_Requirement_
Write out word for word the lines from the one holding "Ankle rehab" through the end of the data, and only those lines. Pictures stay out.

── Raw data ──

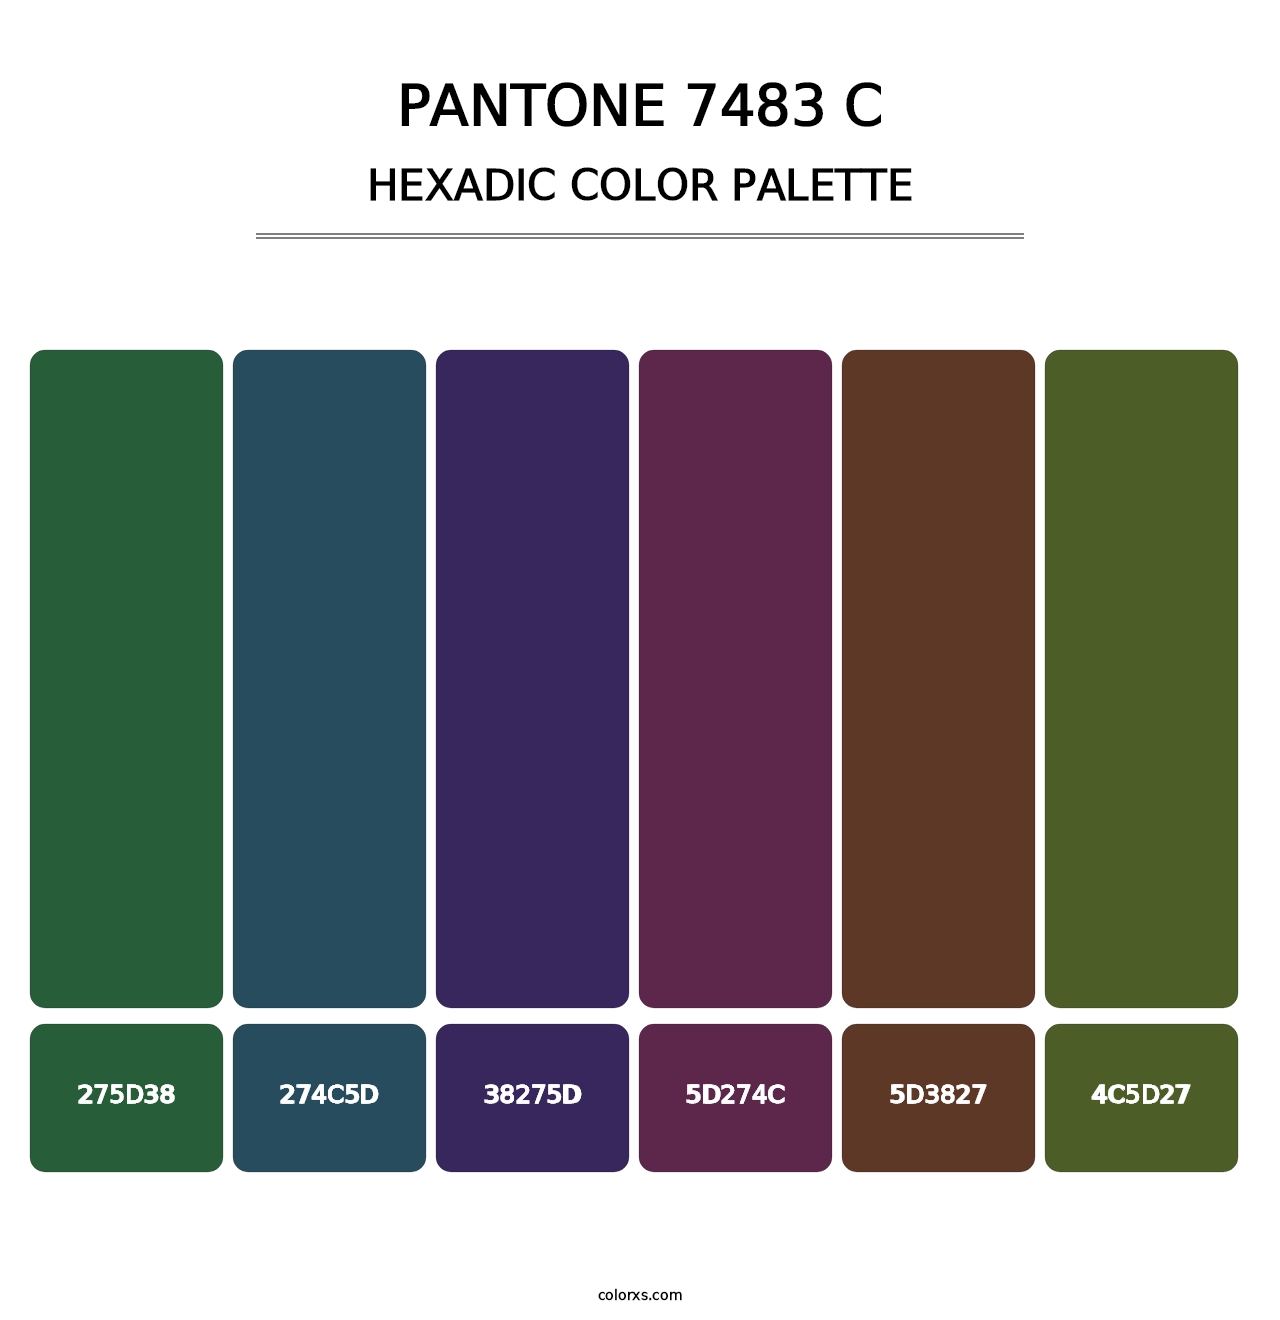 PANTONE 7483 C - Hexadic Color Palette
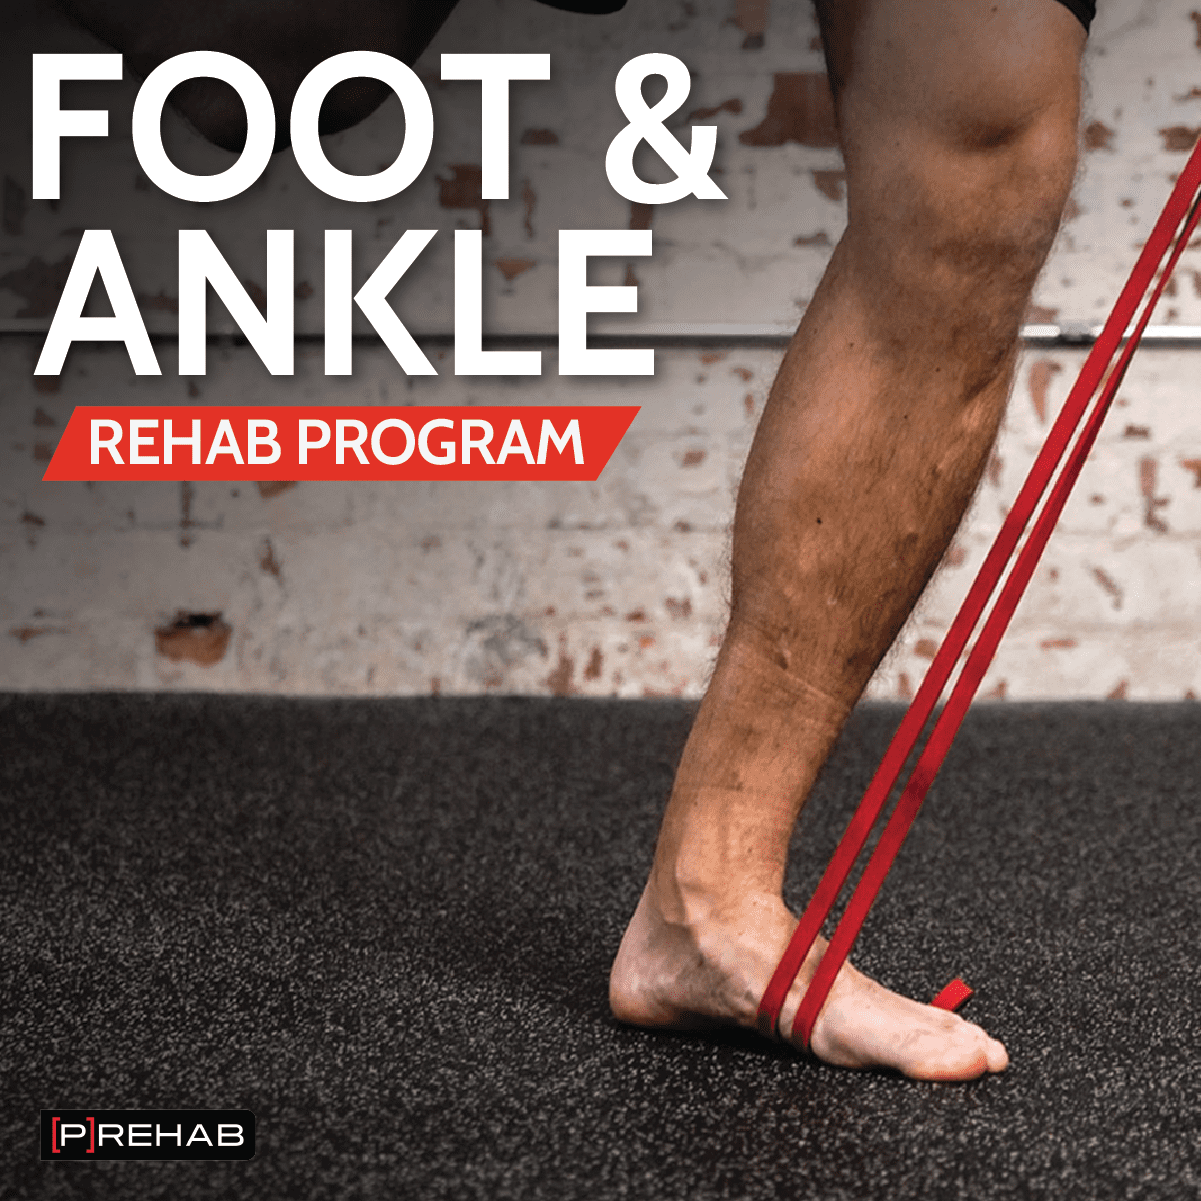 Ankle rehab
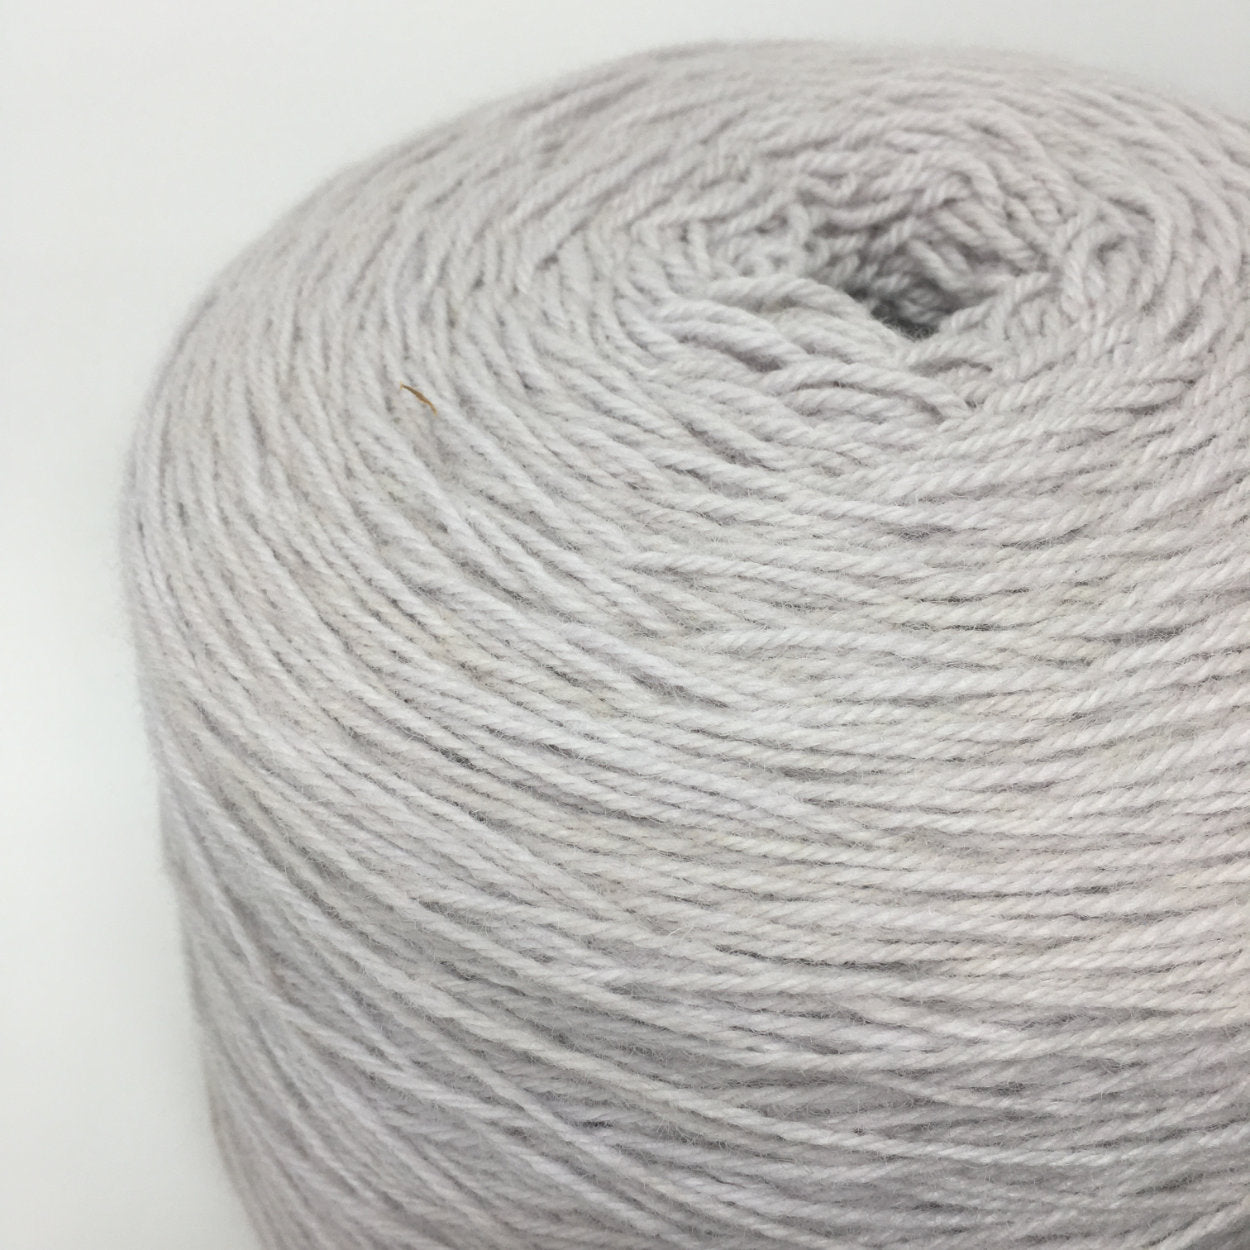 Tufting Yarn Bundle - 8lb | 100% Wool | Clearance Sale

───

_Written solution_
 Ankle rehab
 Tufting Yarn Bundle - 8lb | 100% Wool | Clearance Sale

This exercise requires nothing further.